§ Brief:
Reproduce the entries beneath exactly, without their images.

§ Source information:
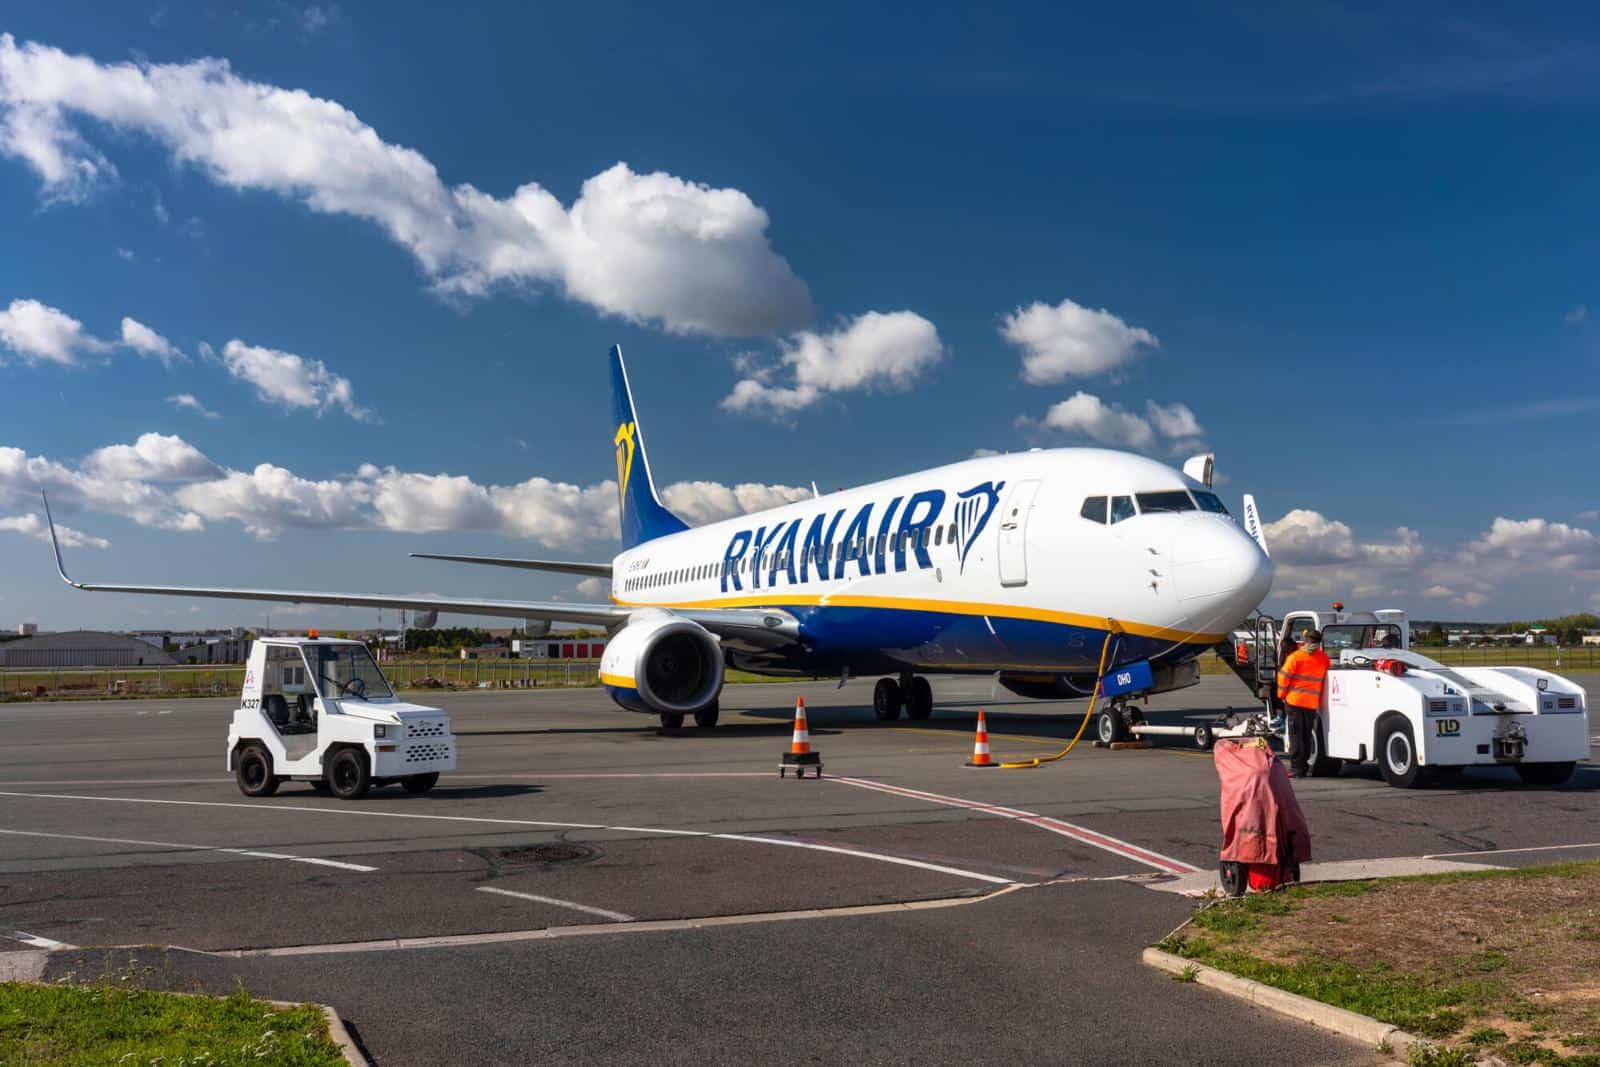 View of Ryanair plane on the tarmac at Beauvais Airport in Paris
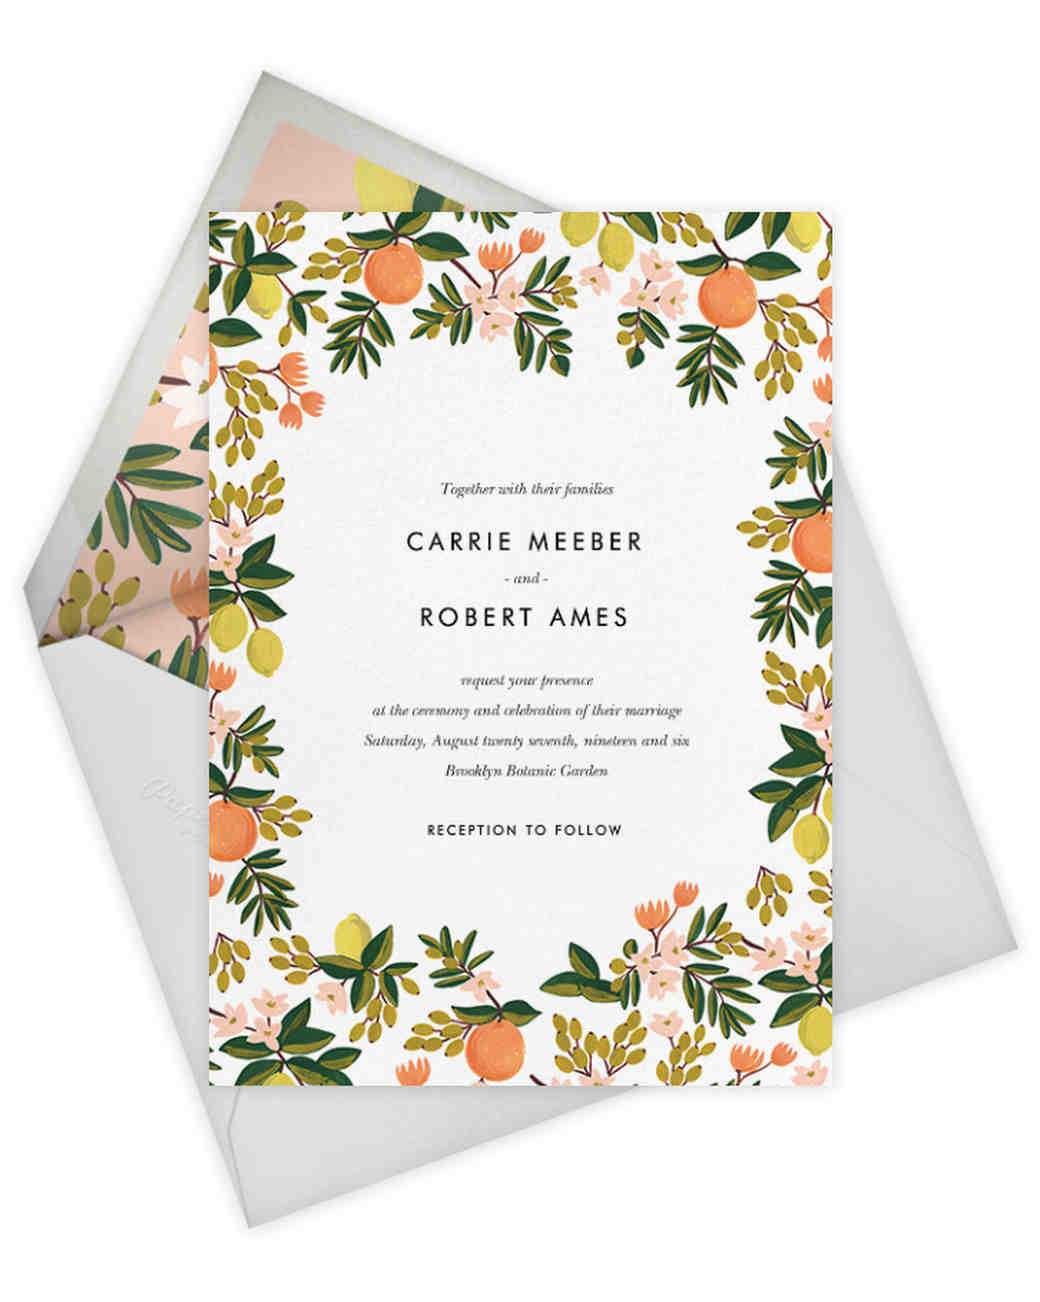 Paperless Wedding Invitations
 Must See Check Out Rifle Paper Co s New Paperless Post
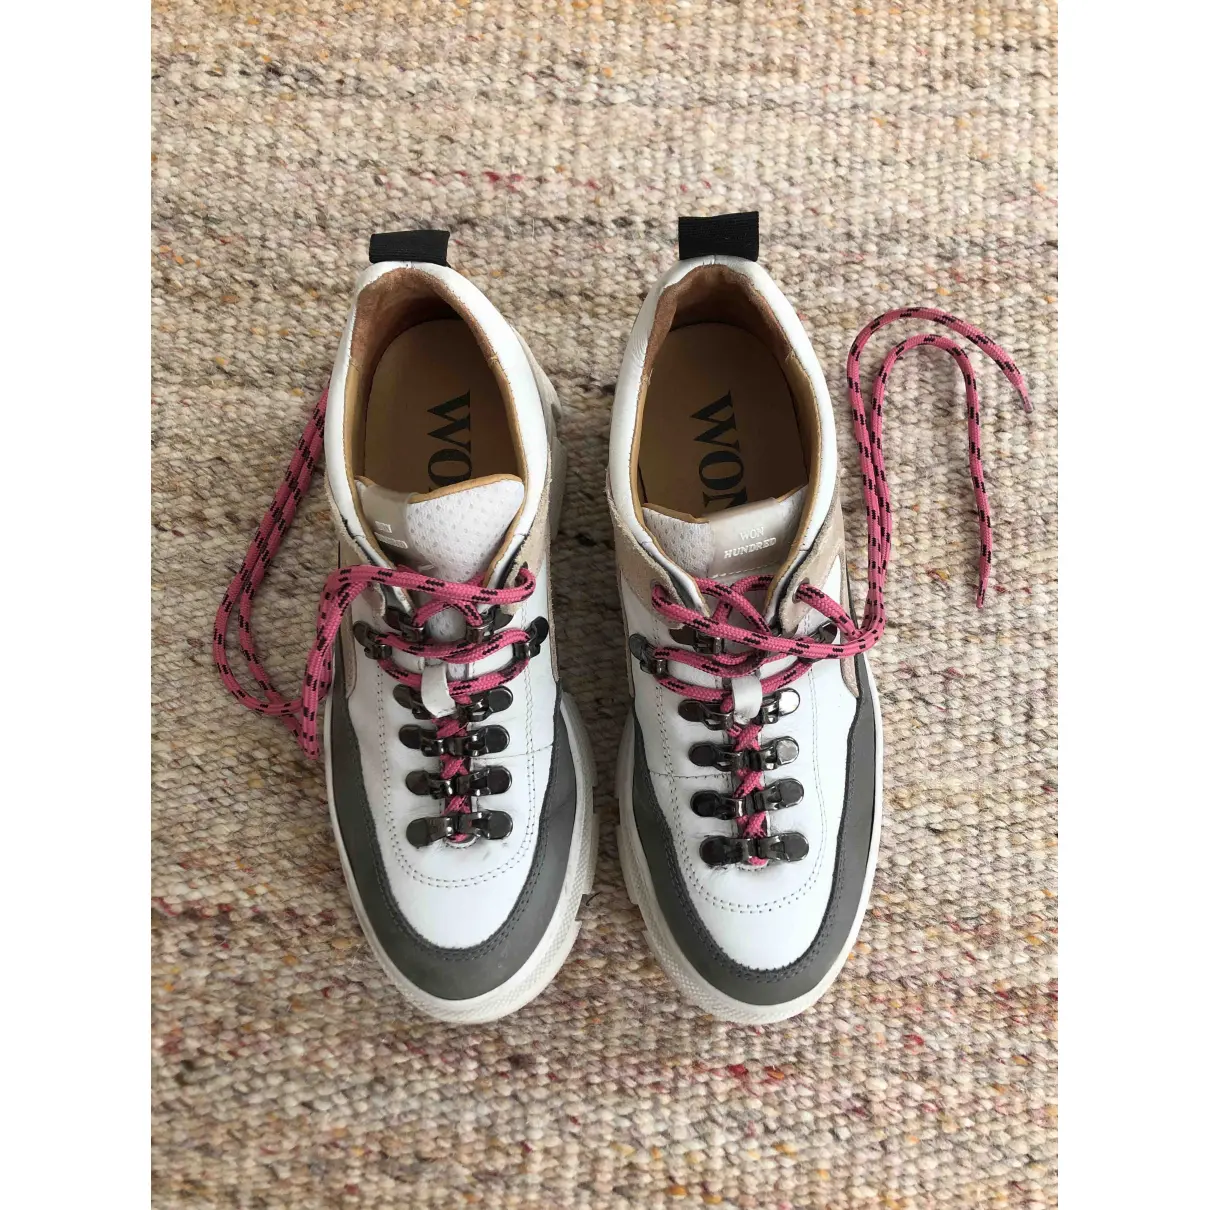 Buy Won Hundred Leather trainers online
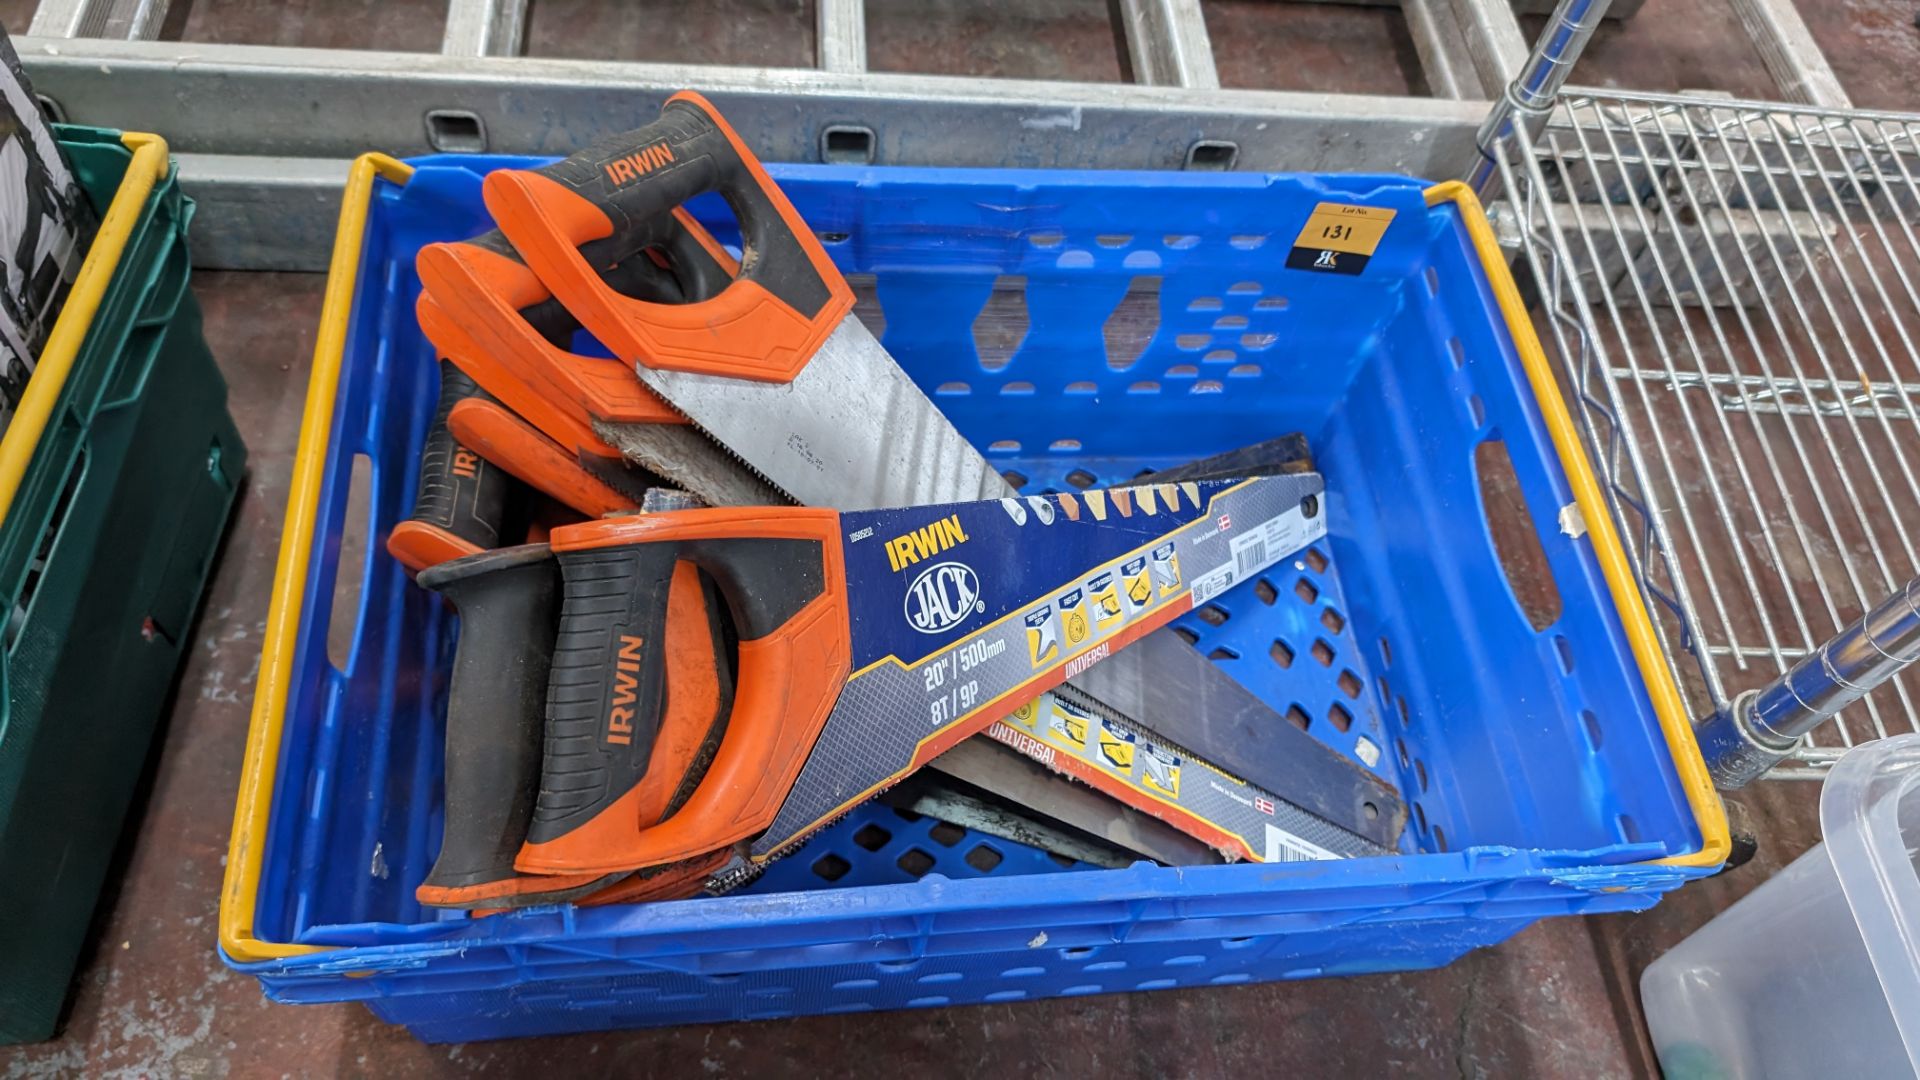 The contents of a crate of hand saws - Image 2 of 5
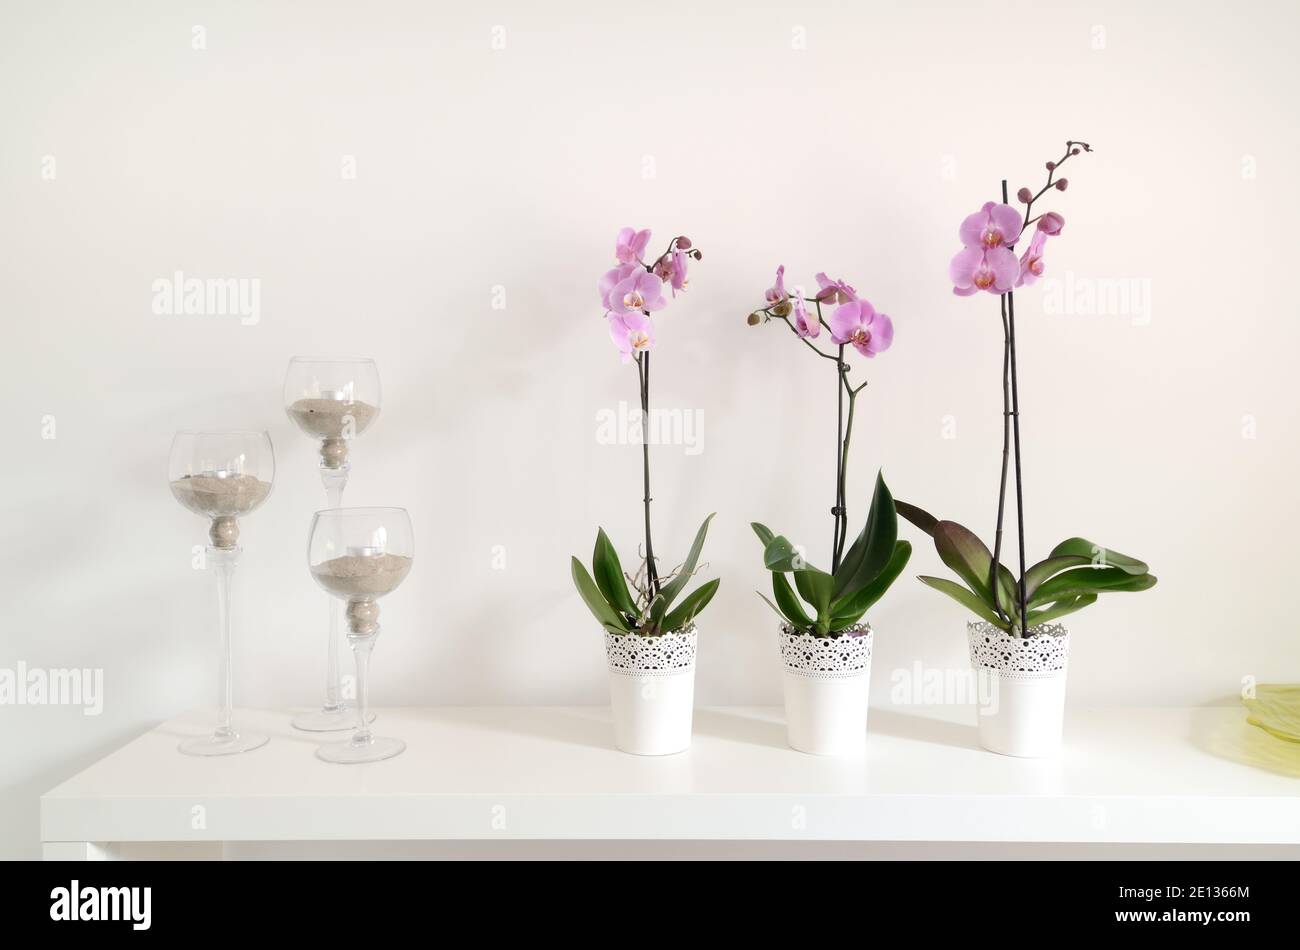 Abstract Still Life with Three Orchids and Candles in Glasses Against White Background Stock Photo

§ Response to this exercise:
 View of Ryanair plane on the tarmac at Beauvais Airport in Paris
 Paperless Wedding Invitations
 Must See Check Out Rifle Paper Co s New Paperless Post
 Buy Won Hundred Leather trainers online
 The contents of a crate of hand saws - Image 2 of 5
 Abstract Still Life with Three Orchids and Candles in Glasses Against White Background Stock Photo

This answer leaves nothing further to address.